▸ Data provided
※

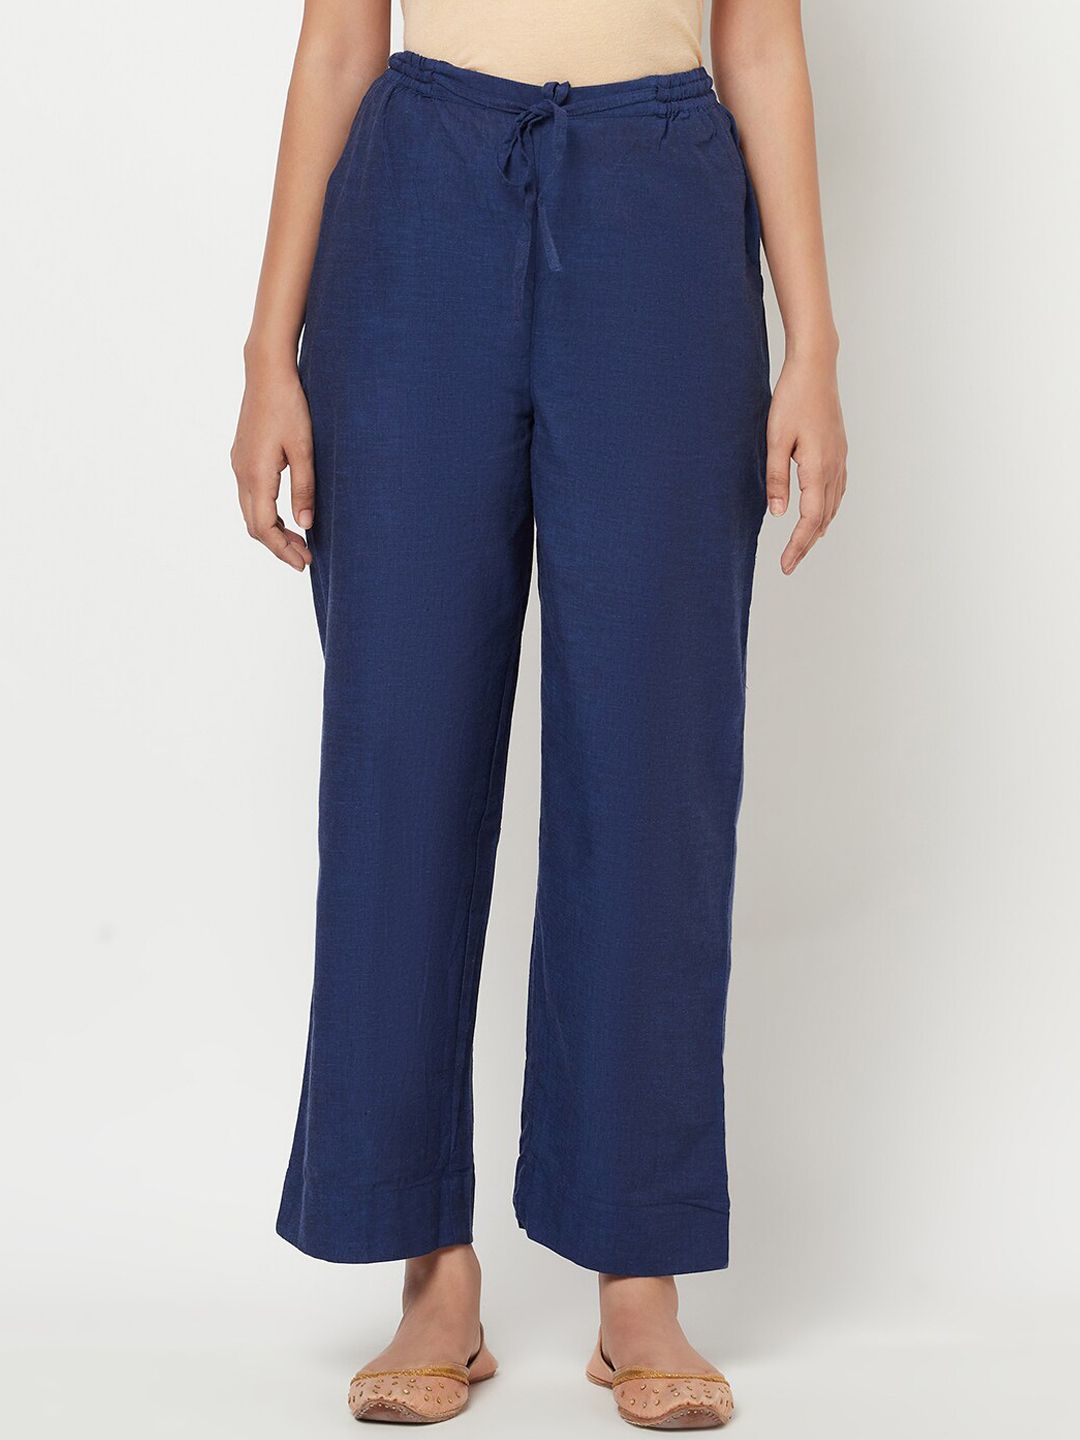 Fabindia Women Navy Blue Solid Trousers Price in India
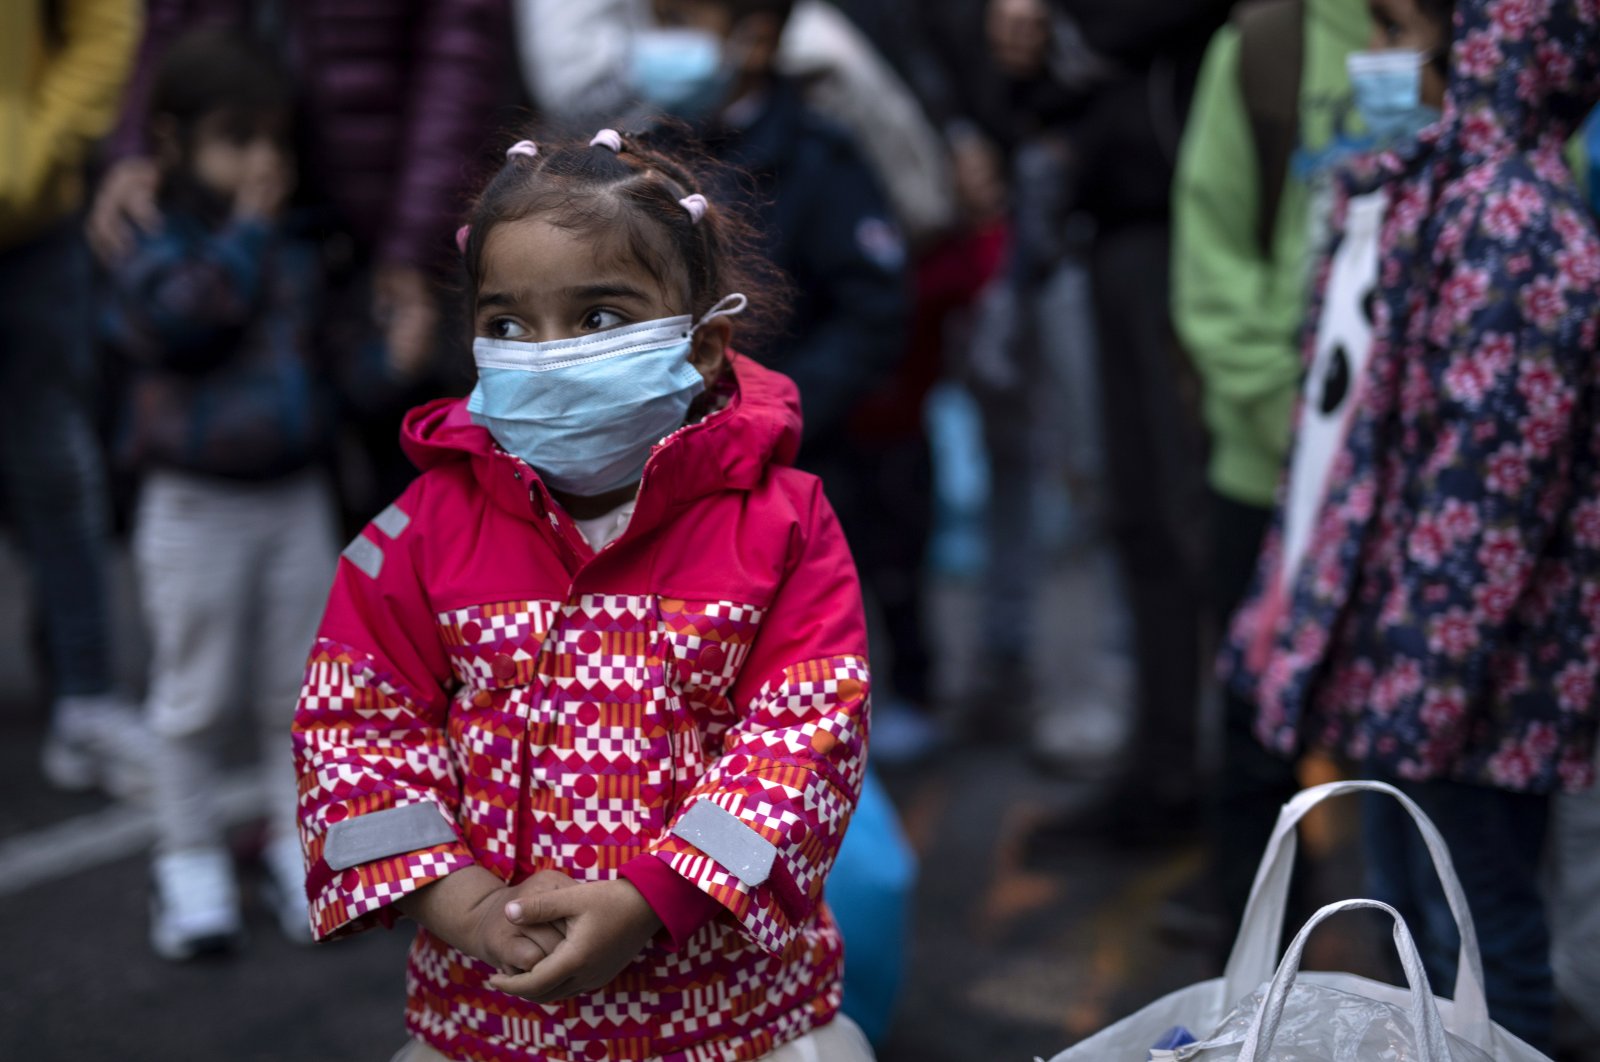 A young girl wearing a mask to prevent the spread of the coronavirus, looks on after refugees and migrants arrived at the port of Piraeus, near Athens, on Monday, May 4, 2020. (AP Photo)
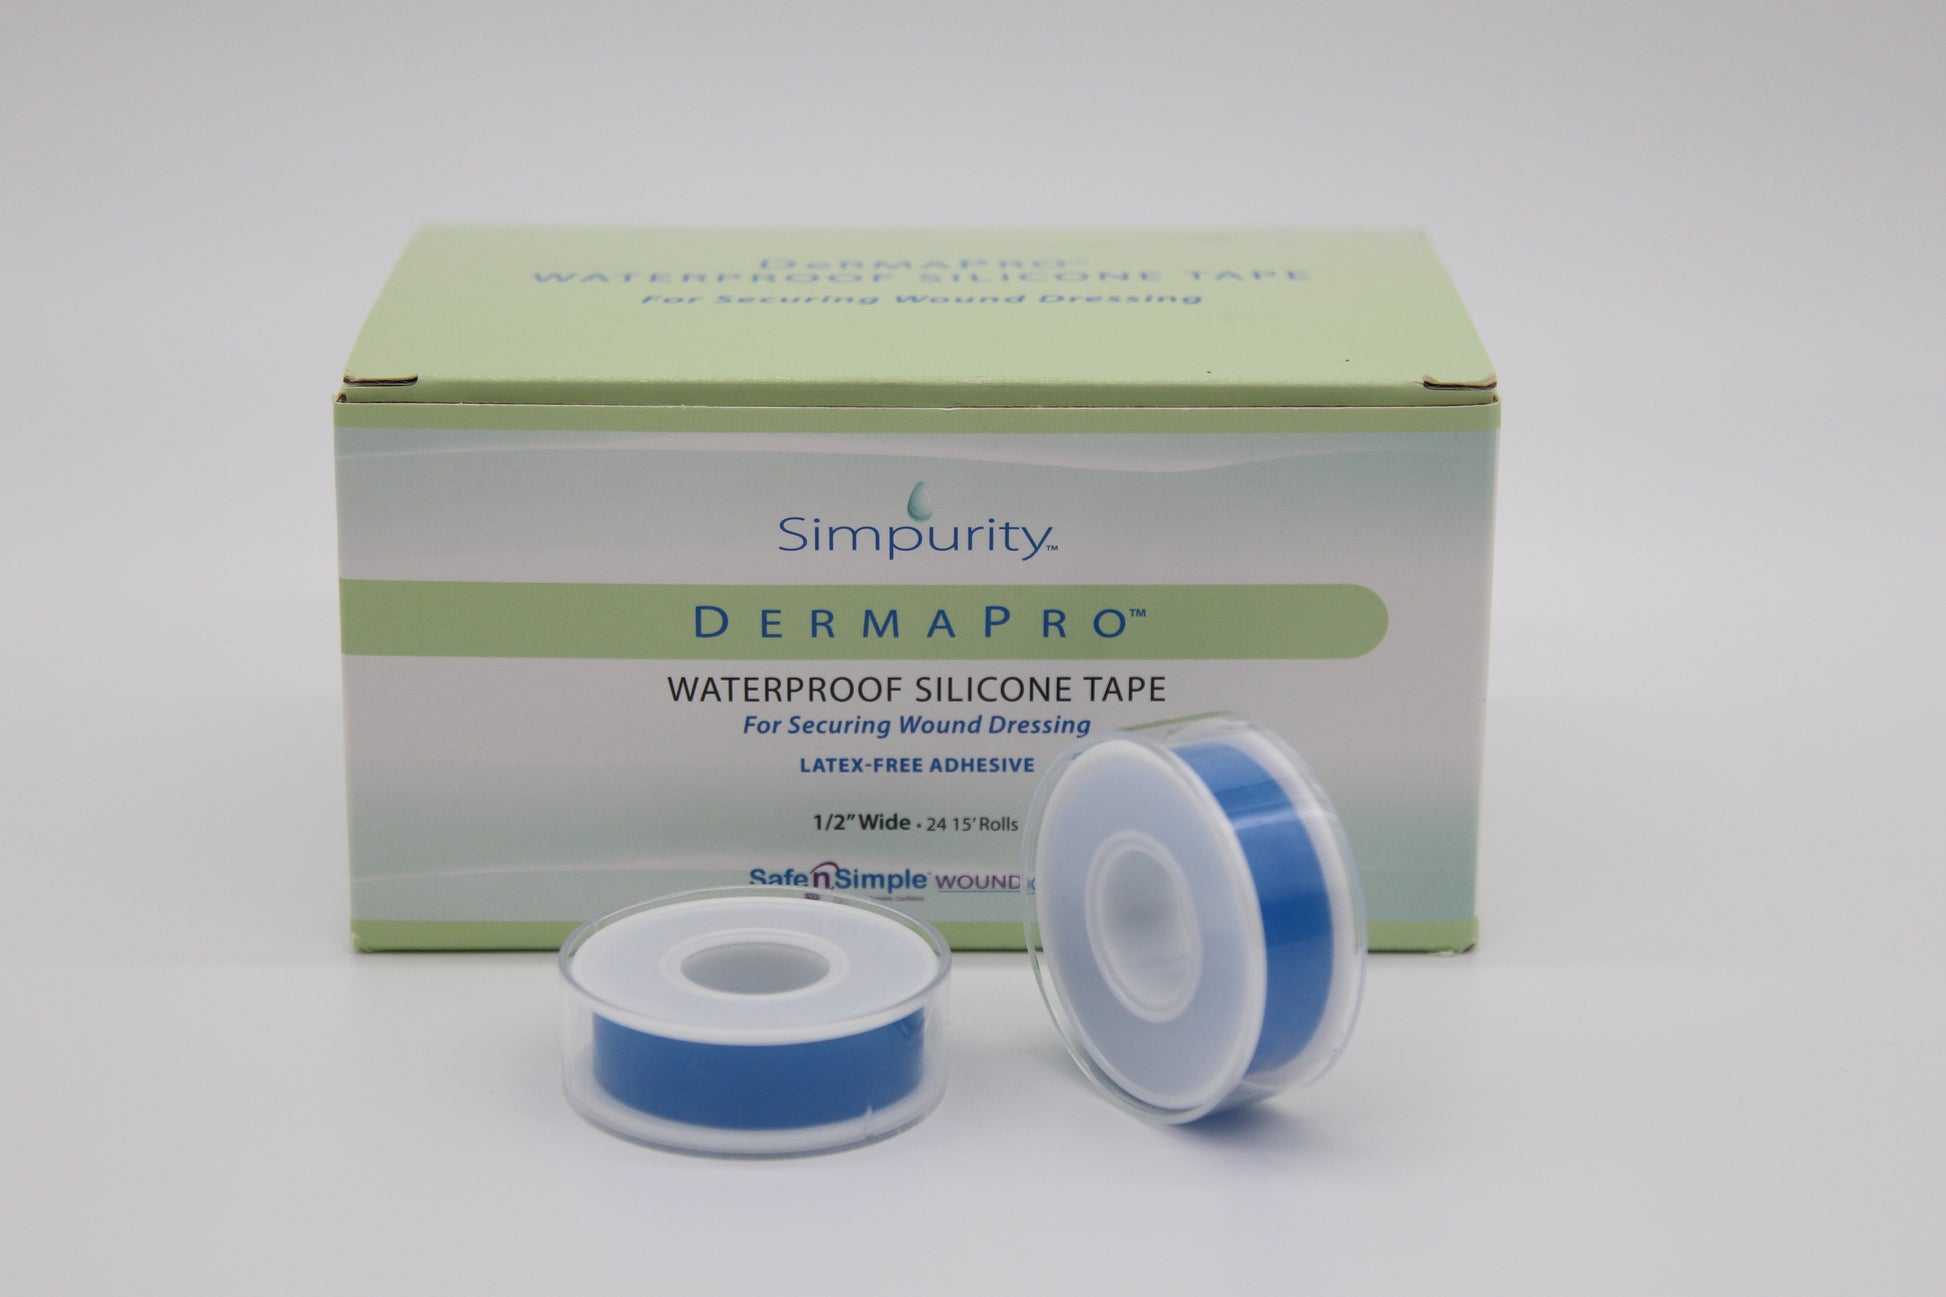 DermaPro Waterproof Silicone Tape | medical products | advanced wound care | Safe n Simple | SNS Medical

※

Starting where a line contains "A young girl" and finishing at the last line above, set down every line exactly as it reads, with no pictures.

 A young girl wearing a mask to prevent the spread of the coronavirus, looks on after refugees and migrants arrived at the port of Piraeus, near Athens, on Monday, May 4, 2020. (AP Photo)
 DermaPro Waterproof Silicone Tape | medical products | advanced wound care | Safe n Simple | SNS Medical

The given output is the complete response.